AIM OF THE EXERCISE: The whole listing below, with no pictures, is to be repeated as it stands.

START DATA SHOWN

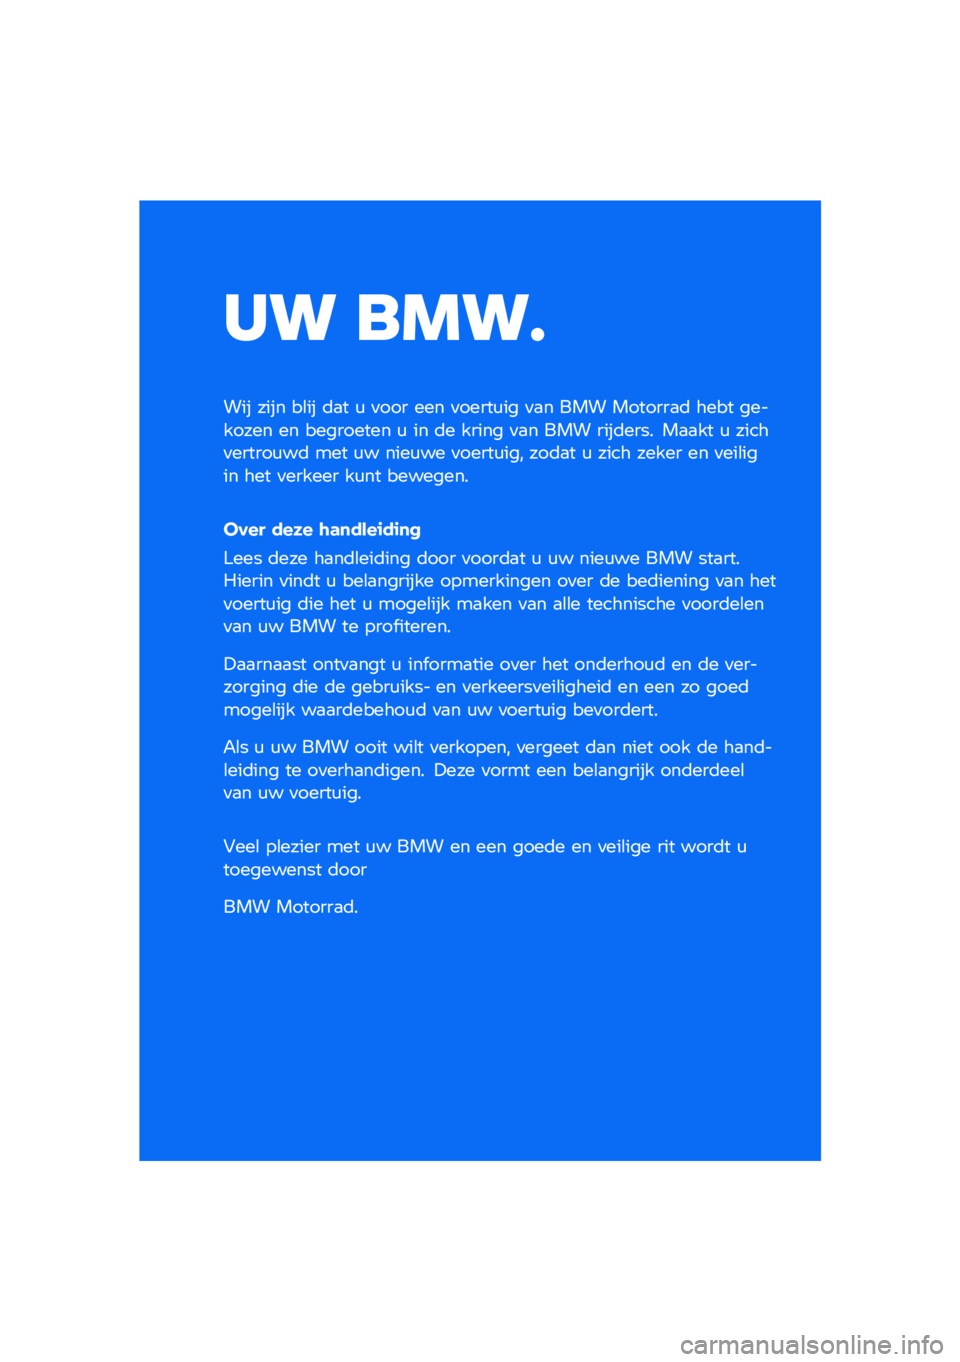 BMW MOTORRAD R NINE T URVAN G/S 2020  Handleiding (in Dutch) �� ����
��� ���� ��\b�� �	�
� �\f �
��� ��� �
�����\f�� �
�
� ��� �������
�	 ���� �������� �� ��������� �\f �� �	� ����� �
�
� �

END DATA SHOWN

WRITTEN SOLUTION:
 BMW MOTORRAD R NINE T URVAN G/S 2020  Handleiding (in Dutch) �� ����
��� ���� ��\b�� �	�
� �\f �
��� ��� �
�����\f�� �
�
� ��� �������
�	 ���� �������� �� ��������� �\f �� �	� ����� �
�
� �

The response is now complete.